Kyohaksa’s textbook, however, was selected by only a small minority of schools. Then, the ongoing state-controlled text project was initiated by the government. Most historians oppose the publication of a state-controlled textbook. They point out that how the conservatives meddled with history education for past several years explains the conservatives’ eventual goal. “The failure of a right-wing textbook led the conservative government to come up with another measure, a state-controlled textbook,” said Professor Kwon Nae Hyun (History Education).

 

Since the Kyohaksa textbook was accused of glorifying pro-Japan activities and dictatorships, many are concerned that the new textbook published by the government would involve the same problems. Nevertheless, some individuals and civic groups insist that when criticizing the government, one should focus on the fact that a state-controlled textbook will enforce a single view of history to all students. 

 

In the same context, Seo, the president of KUSA, stated that “the opposition between uniformity and diversity is more significant than issues related to dictatorships or pro-Japanese activities” in the student association central steering committee. “It can be interpreted that uniformity is a broader concept than glorifying pro-Japan activities and dictatorships,” said Professor Kwon.
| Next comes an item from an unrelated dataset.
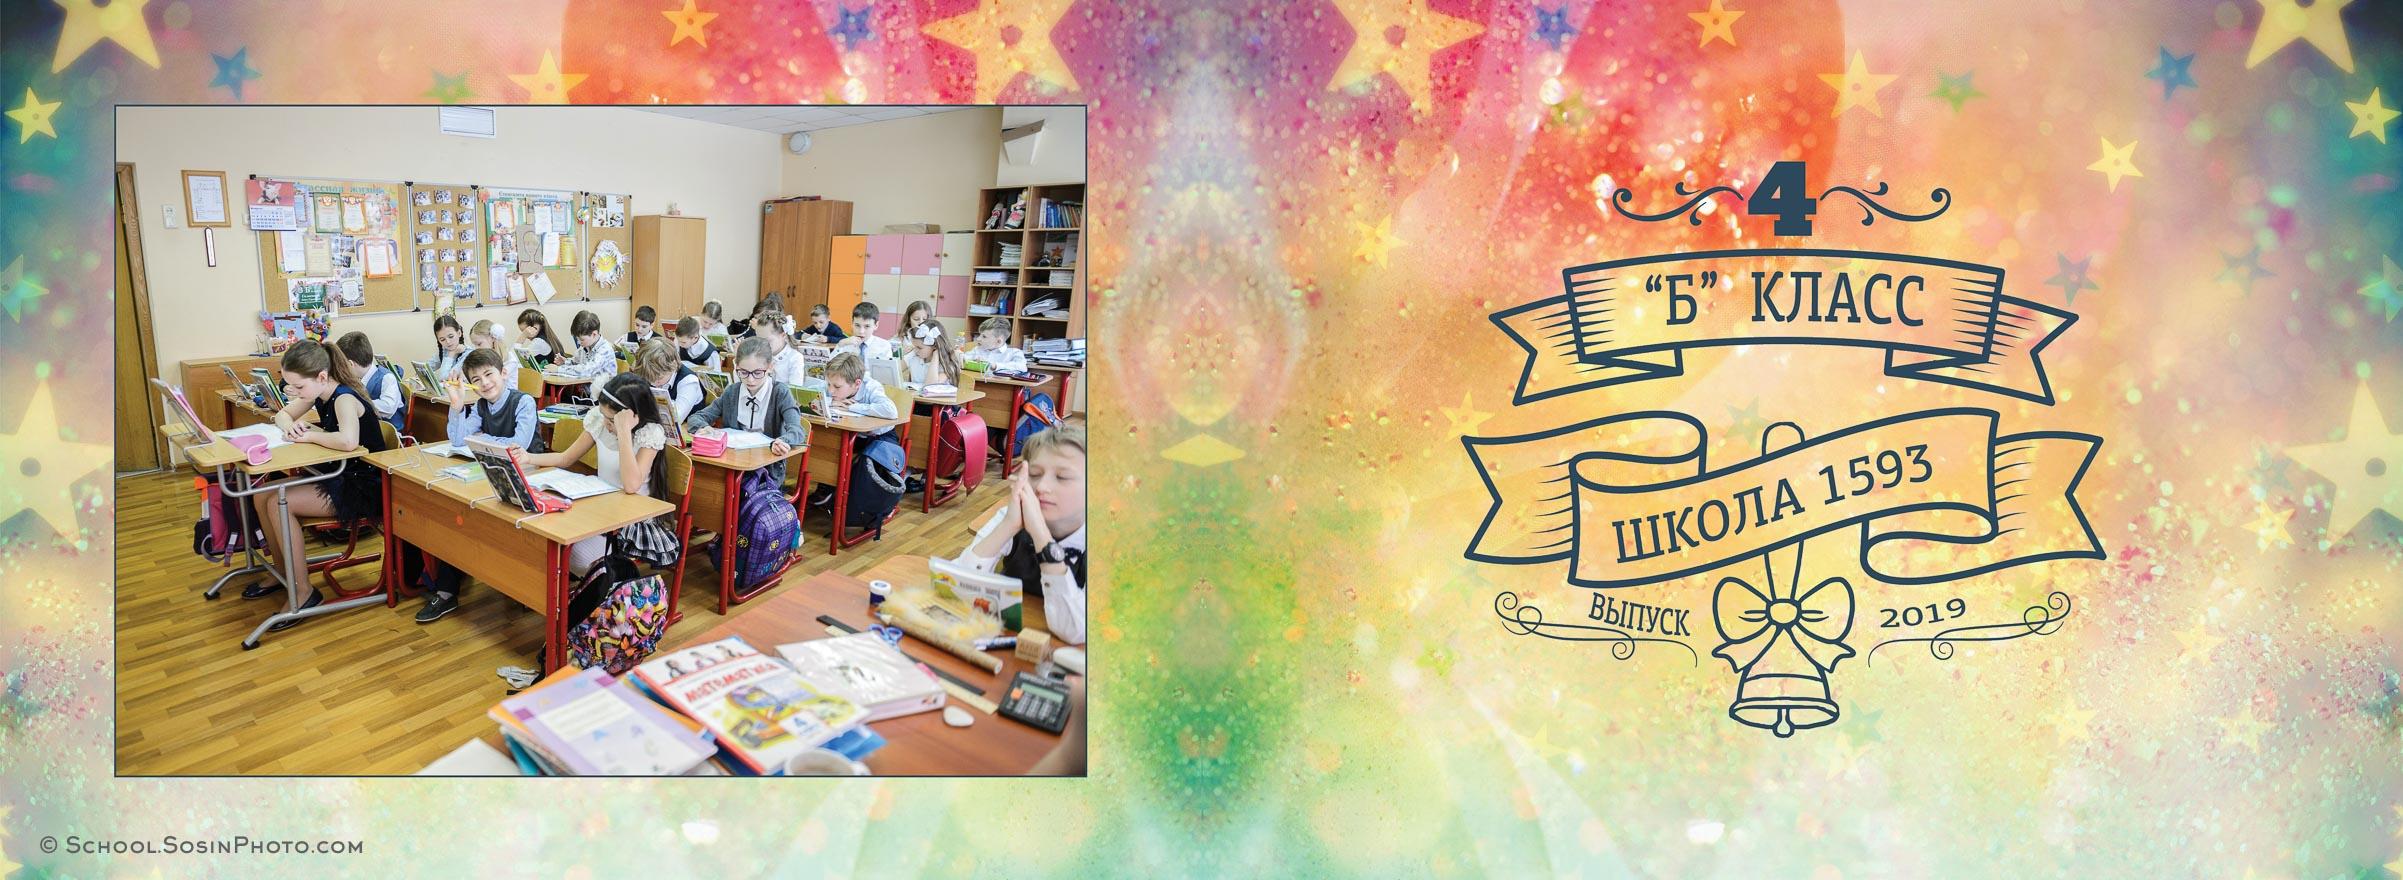 пример неперсональной обложки фотокниги для начальной школы

In other words, unquestioningly justifying specific activities of certain historical figures without remarking their conspicuous faults eventually forces students to think on a singular perspective.

 

Based on such logics, more than four hundred historians in universities around the nation have announced that they oppose the state-led publication of history textbooks and pledged not to participate as authors. As a result, only a limited pool of right-wing historians will participate. “It is hard to assume that the small minority will represent the whole academic world,” Kwon said.

 

     
   
▲ Professor Kwon Nae Hyun. Photographed by Lee So Young
Another significant problem associated with the ongoing project is that three textbooks (middle school 1 and 2, and high school) will be completed in a year, which implies that the textbooks could be written in a rough-and-ready method. “Many people overlook the small amount of time allocated for each textbook, but even authorized textbooks were completed after two years of research,” said Professor Kwon. 
 
Then, how should history education be improved? To clear the charge of only incurring conflicts, history education needs to be a result of academic debates, rather than political disputes. Until now, historians have belittled the significance of history education, only focusing on academic research. Nevertheless, academic research and general education are interdependent. “Historians should seek for the direction of history education through ceaseless struggles and debates,” Kwon uttered.
 
Furthermore, rather than simply enumerating historical concepts, history textbooks should be written in a manner that could help students comfortably approach historical facts and lessons. Textbooks up to now have discouraged many students, merely listing concepts and facts without illustrating them enough with detailed examples or stories.  
 
When educating students, what kind of identity the students should have as a citizen of Korean society is a crucial issue. The government and conservative historians have argued that students should be proud of Korea, which accomplished both industrialization and democratization in less than 60 years. Others contend that an identity as a citizen of a democratic society is more important than an unwavering national identity. The eventual goal of history education should be defined based on a national consensus. According to Kwon, “History education could develop to facilitate the construction of a wholesome society."